### [Provided information]
◆ ◆ ◆ ◆ ◆

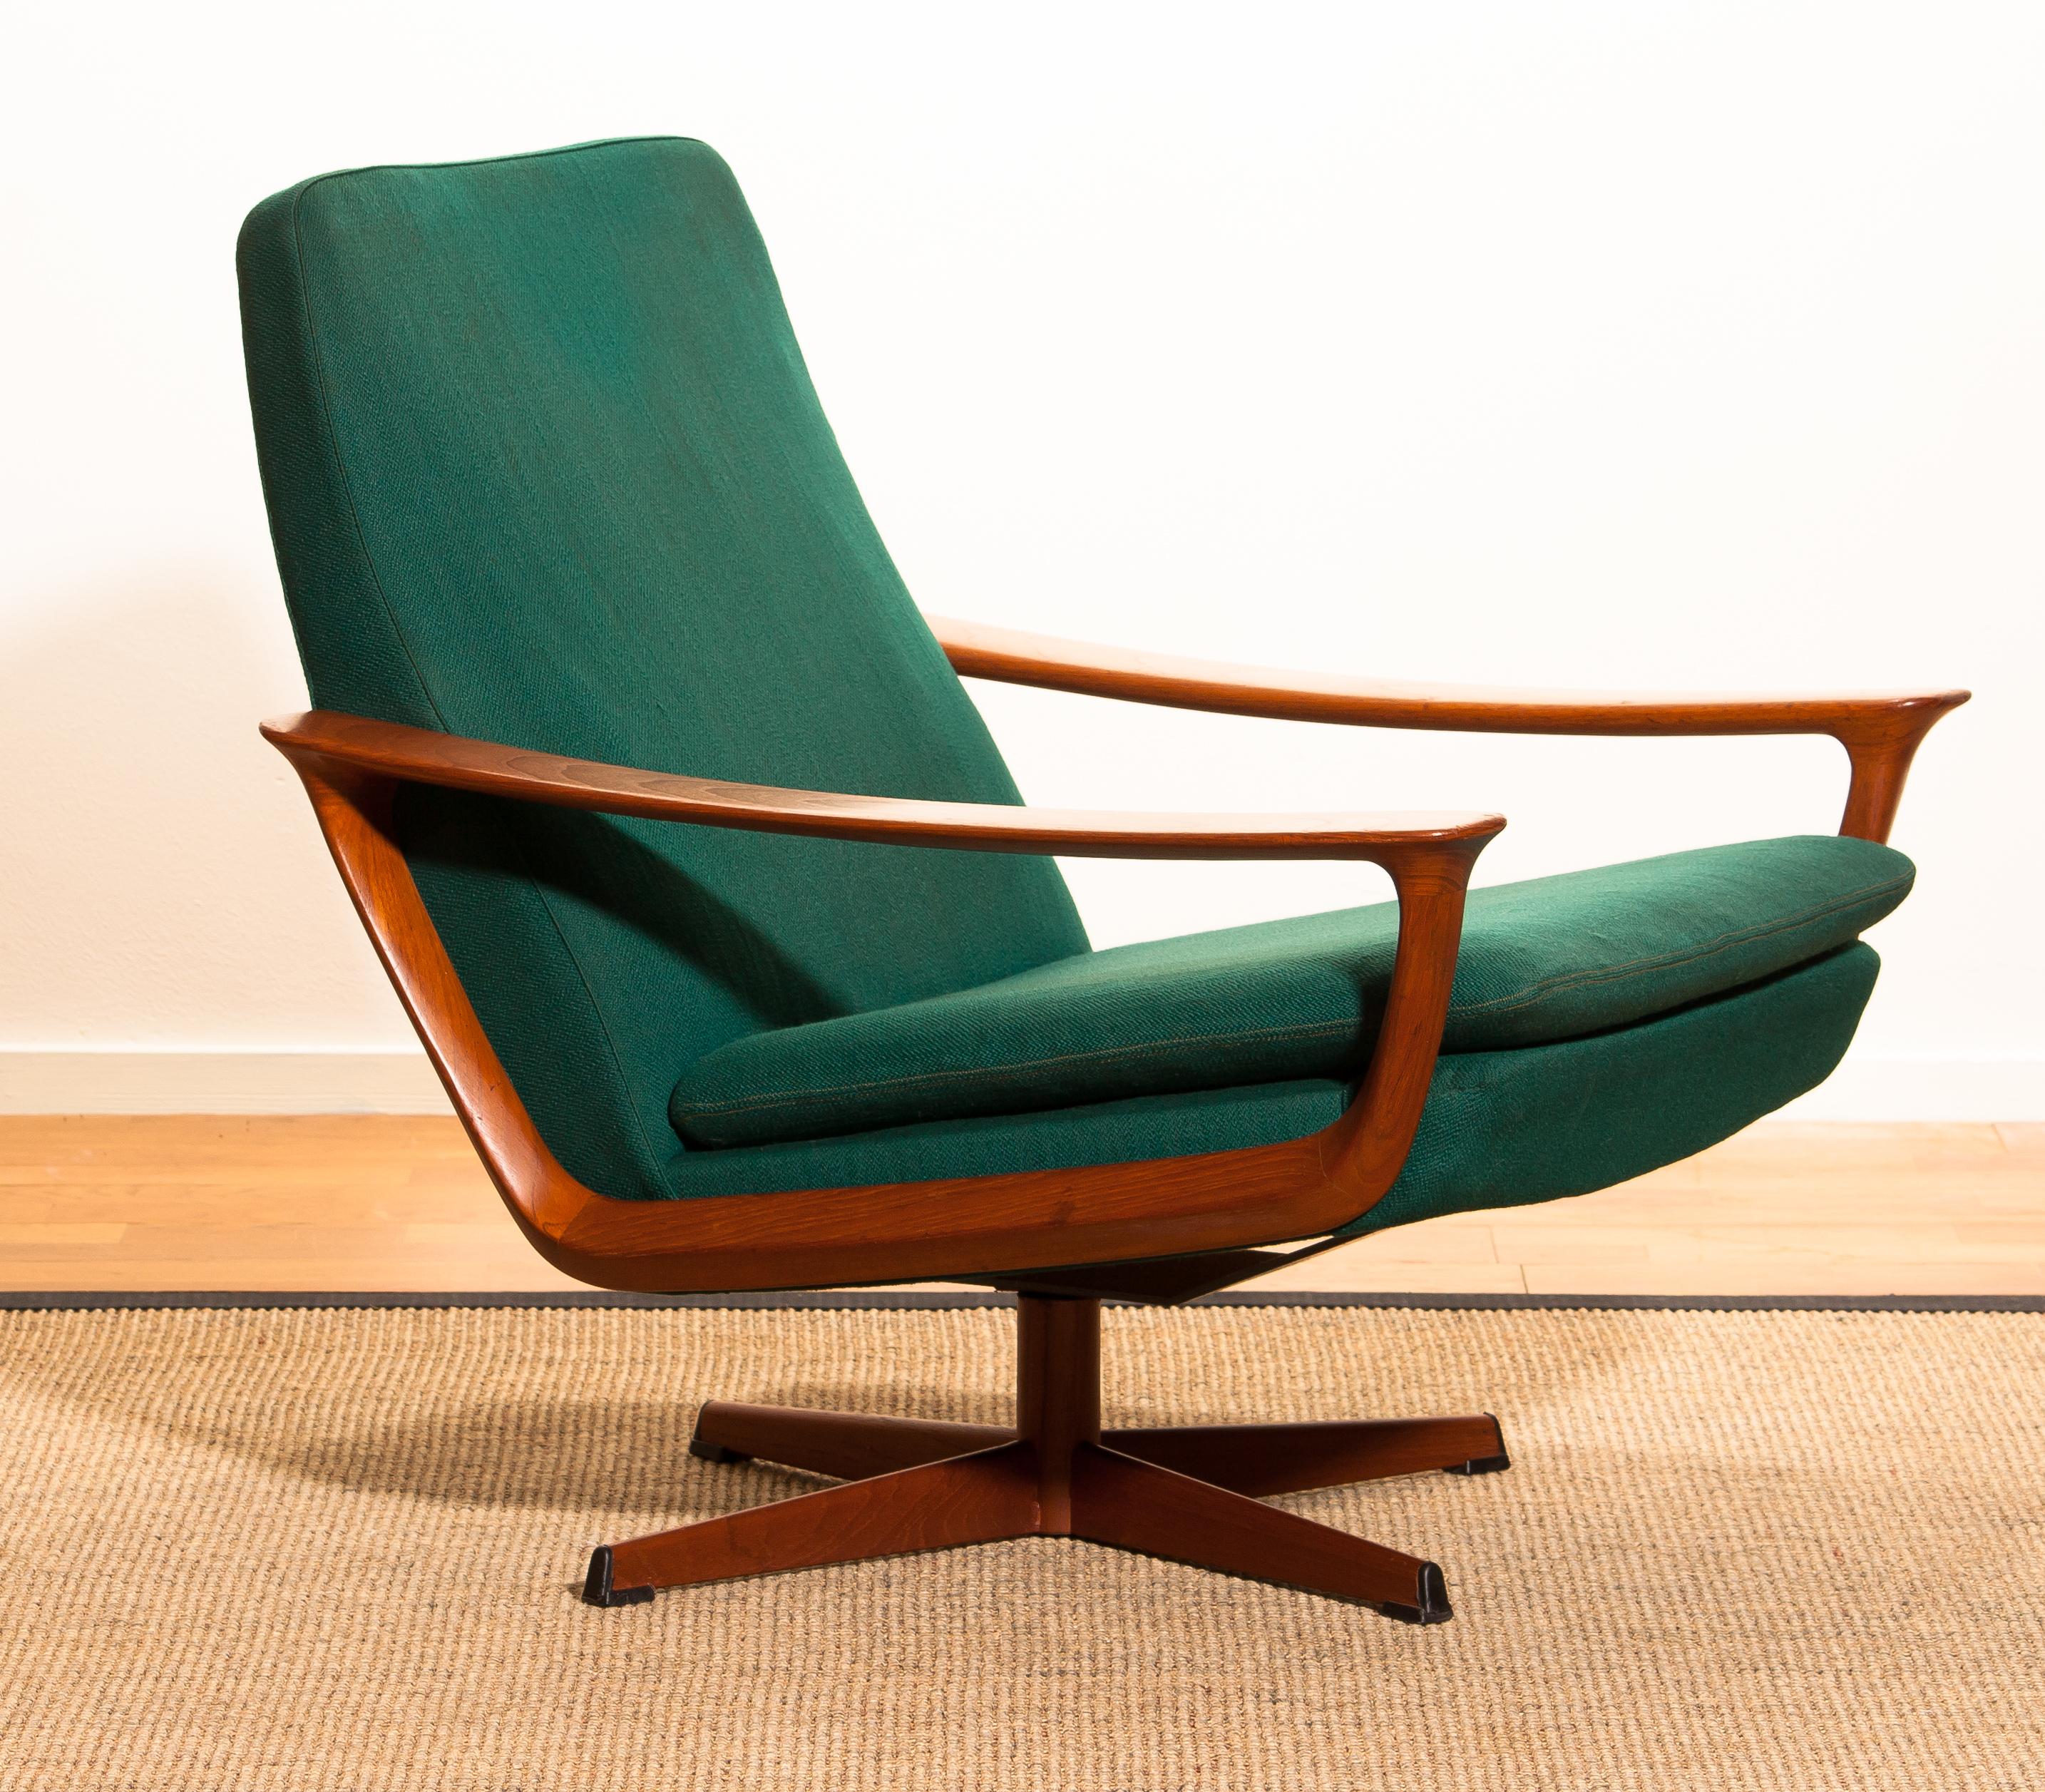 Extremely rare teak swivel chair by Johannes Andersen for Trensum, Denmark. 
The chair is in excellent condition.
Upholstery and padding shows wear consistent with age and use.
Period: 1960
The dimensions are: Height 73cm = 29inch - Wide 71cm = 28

◆ ◆ ◆ ◆ ◆

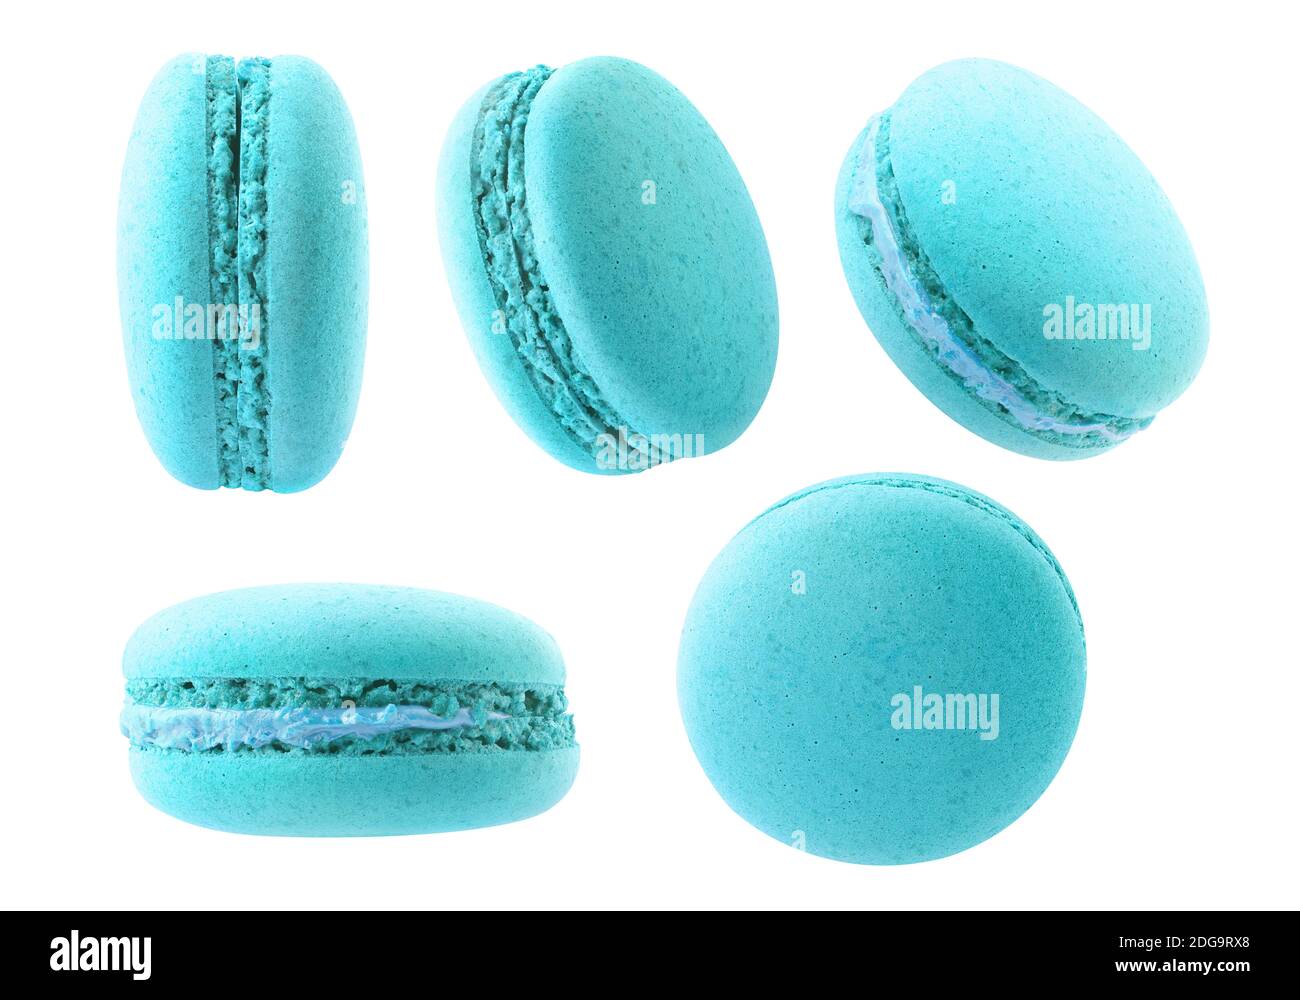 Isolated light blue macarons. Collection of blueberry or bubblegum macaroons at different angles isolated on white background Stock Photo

◆ ◆ ◆ ◆ ◆

### [What you have to do]
Print nothing except the lines above from the one containing "Extremely rare teak" down to the one containing "The dimensions are: Height", both included, exactly as written and free of pictures.

### [Solution for this task]
 Extremely rare teak swivel chair by Johannes Andersen for Trensum, Denmark. 
The chair is in excellent condition.
Upholstery and padding shows wear consistent with age and use.
Period: 1960
The dimensions are: Height 73cm = 29inch - Wide 71cm = 28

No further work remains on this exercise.